The competitive advantages are significant. NATL’s scale gives it purchasing power on ATM equipment, a more efficient logistics network for servicing machines, and the ability to amortize regulatory and compliance costs over a vast installed base. Switching costs are high: replacing an ATM outsourcing provider involves logistical disruption, regulatory re-approvals, and retraining internal teams. Regulatory complexity and entrenched contracts (often multi-year in length) further strengthen NATL’s moat. This infrastructure-heavy, contract-driven model results in roughly 70% of revenue being recurring and service-based, with low churn and predictable cash flows—features that resemble a transaction processing business more than a hardware vendor.
Why the Market is Wrong
Alta Fox argues that NATL’s valuation reflects a mistaken categorization as a low-growth, capital-intensive hardware business. In reality, the company’s economics are closer to those of a recurring service provider. CapEx are largely for maintenance rather than heavy growth builds, and FCF conversion is high. Once fixed servicing and infrastructure costs are covered, incremental revenue from new outsourcing deals or ATM placements flows disproportionately to the bottom line—a form of operating leverage often overlooked by investors.

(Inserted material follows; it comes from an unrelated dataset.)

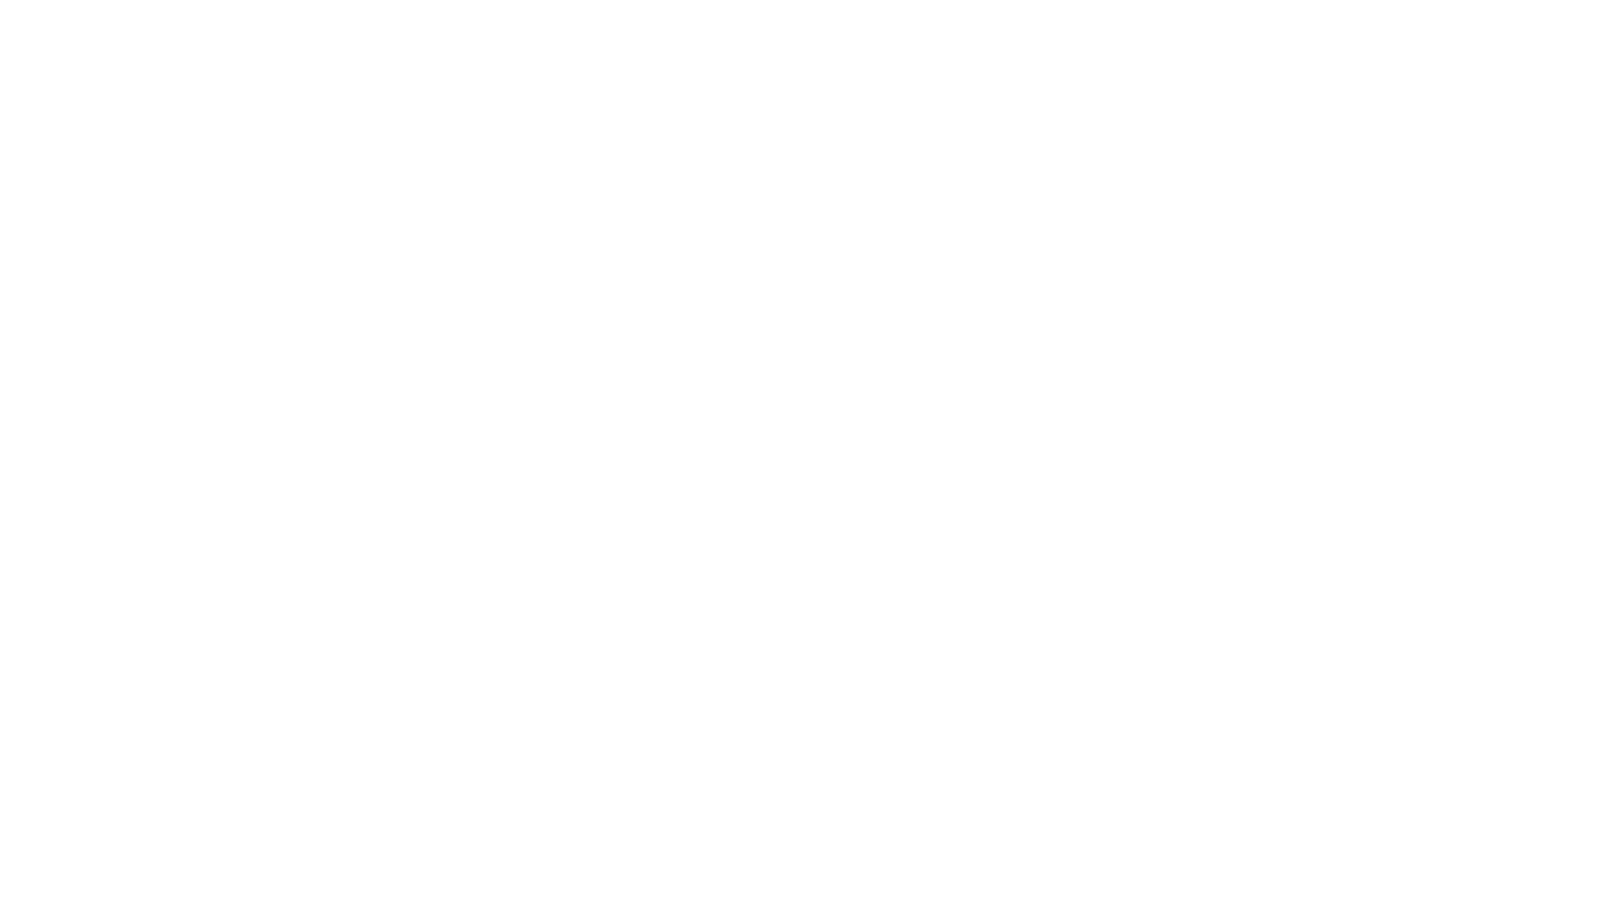 Celebrante Don Paolo Bicciato Santa Maddalena di Canossa Titolo: Vergine Nascita: 1 marzo 1774, Verona Morte: 10 aprile 1835, Verona Ricorrenza: 10 aprile Tipologia: Commemorazione  Maddalena nacque a Verona il l° marzo 1774 da nobile e ricca famiglia, terzogenita di sei fratelli. La sua vita fu subito segnata da tristi episodi, come la morte del padre, le seconde nozze della madre, la malattia e l'incomprensione, ma il Signore la guida verso strade imprevedibili che Maddalena tenta con fatica di percorrere.  Attratta dall'amore di Dio, a 17 anni desidera consacrare la propria vita a Lui e per due volte tenta l'esperienza del Carmelo, ma lo Spirito la sollecita interiormente a percorrere una via nuova: lasciarsi amare da Gesù per essere disponibile totalmente ai fratelli afflitti da varie povertà. Ritorna in famiglia e, costretta nuovamente da avvenimenti dolorosi e da tragiche situazioni storiche di fine Settecento, racchiude nel segreto del cuore la sua chiamata e si inserisce nella vita di palazzo Canossa, accettando l'amministrazione del vasto patrimonio familiare.  Con impegno e dedizione, Maddalena assolve i suoi doveri quotidiani e allarga la cerchia delle sue amicizie, rimanendo aperta all'azione misteriosa dello Spirito che gradualmente plasma il suo cuore e la rende partecipe dell'amore del Padre per l'uomo sull'esempio di Maria, la Vergine Madre Addolorata.  Accesa da questa carità, Maddalena si apre al grido dei poveri affamati di pane, di istruzione, di comprensione, della Parola di Dio. Li scopre nei quartieri periferici di Verona, dove i riflessi della Rivoluzione francese, le alterne dominazioni di Imperatori stranieri, le Pasque veronesi, avevano lasciato segni di evidenti devastazioni e di umane sofferenze.  Nel 1808, superate le ultime resistenze della sua famiglia, Maddalena lascia definitivamente il palazzo Canossa per dare inizio, nel quartiere più povero di Verona, a quella che interiormente riconosce essere la volontà del Signore: servire gli

This misunderstanding is compounded by investor bias against cash-dependent businesses, with some assuming that rising digital payments will lead to rapid ATM obsolescence. Alta Fox’s research suggests otherwise: while cash usage is slowly declining, it remains entrenched in certain geographies, demographics, and transaction types. Moreover, as banks consolidate branches, outsourcing ATMs becomes even more attractive as a way to maintain service coverage without physical branch costs. This trend will sustain NATL’s relevance for at least the next decade.
Valuation
Base Case: ATMaaS conversions accelerate modestly, while the network business remains flat, leading to ~10% consolidated EBITDA growth per year. Debt paydown, buybacks, and lower cost of capital lift FY27 EPS to 32% above consensus, with a PE re-rating slightly below Diebold Nixdorf (DBD) levels. Target: $100/share (270% upside, ~98% IRR).
Bull Case: ATMaaS conversions hit management targets (~15% EBITDA CAGR), and the network business grows. PE re-rates to a premium over DBD to reflect NATL’s higher quality and faster growth. Target: $147/share (444% upside, ~142% IRR).
Bear Case: ATMaaS growth is only moderate, and network ATM counts decline mid-single digits annually. PE compresses to 5x. Target: $24/share (-13% downside, ~-7% IRR).
Catalysts
Growing investor recognition of NATL as a recurring revenue services platform
Increased ATM outsourcing penetration, especially among smaller banks and credit unions
Aggressive capital returns via buybacks and potential dividends
Debt reduction, lowering cost of capital
Potential M&A, either as acquirer or acquisition target for larger payment processors.
Risks
The primary risks are a faster-than-expected drop in cash usage, potential regulatory changes that negatively affect ATM economics, and execution challenges in maintaining service quality across such a large network. However, Alta Fox sees these risks as manageable, particularly given the contractual nature of much of NATL’s revenue and the gradual nature of payment preference shifts.
Conclusion
Alta Fox frames NATL as a **misunderstood, cash-generative infrastructure asset** masquerading as a hardware business in the eyes of the market. With stable recurring revenues, high free cash flow conversion, significant competitive advantages, and clear catalysts for a re-rating, NATL offers both downside protection and compelling upside potential. The firm believes that as investor perception shifts and capital allocation improves, NATL could see not only a higher multiple but also a sustained period of steady compounding.